Submitted to: Annual Scientific Meeting NAASO, The Obesity Society
Publication Type: Abstract Only
Publication Acceptance Date: 4/13/2012
Publication Date: 9/21/2012
Citation: McFarlin, B.K., Johnston, C.A., Moreno, J.P., Breslin, W.L., Foreyt, J.P. 2012. Obese, Mexican-American children have elevated non-traditional metabolic risk factors [abstract]. In: Proceedings of 30th Annual Scientific Meeting NAASO, The Obesity Society, September 20-24, 2012, San Antonio, Texas. p. s147.

Interpretive Summary:

Technical Abstract: There is a health disparity for obesity amongst Mexican-Americans compared to other race/ethnic groups. In particular Mexican-American children who are obese are likely to become obese adults. The purpose of this study was to examine traditional and non-traditional risk factors in a subset of Mexican-American children prior to their participation in a larger clinical weight loss study.
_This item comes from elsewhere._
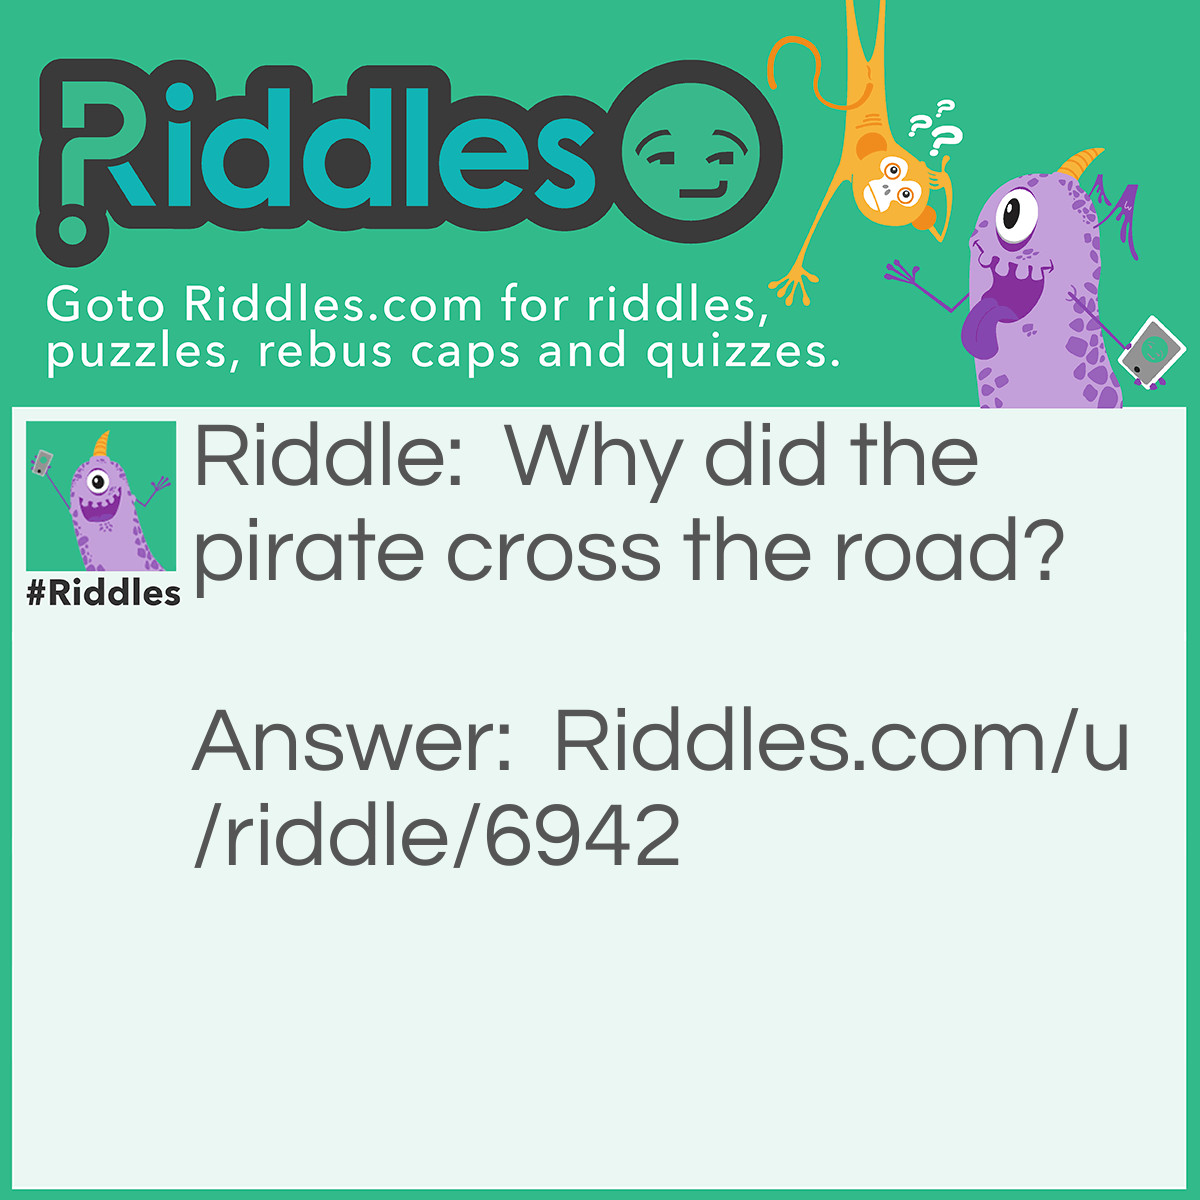 Riddle: Why did the pirate cross the road? Answer: So he doesn't forget where he buried his gold!

Venous blood samples were collected from self-identified Mexican-American children (12-14y) who were assigned to one of three weight groups based on their zBMI; normal weight (N=66), overweight (N=23), or obese (N=39). Serum was analyzed for interleukin 6(IL-6), tumor necrosis factor alpha (TNF-a), C-peptide, Ghrelin, GIP, GLP-1, Glucagon, Insulin, Leptin, Macrophage Chemoattractant Protein 1 (MCP-1), and Pancreatic Polypeptide (PP) using a Luminex MagPix based assay (EMD Millipore). Total cholesterol, HDL cholesterol, triglycerides, and glucose were analyzed using enzymatic assays. Data were analyzed for significance using separate ANOVA tests, with significance set at P<0.05. Relative to normal weight and overweight, obese children had significantly elevated C-peptide (P<0.0001), insulin (P<0.0001), leptin (P<0.0001), MCP-1 (P=0.005), and TNF-a (P=0.006). There were no other differences for any of the other measured variables. The changes we observed are consistent with what our lab and others have previously reported. Collectively these findings indicate differences in plasma proteins that may relate to disease risk in Mexican-American children of differing body weight. More research is needed to determine how these variables may change in children who are actively attempting to reduce their zBMI.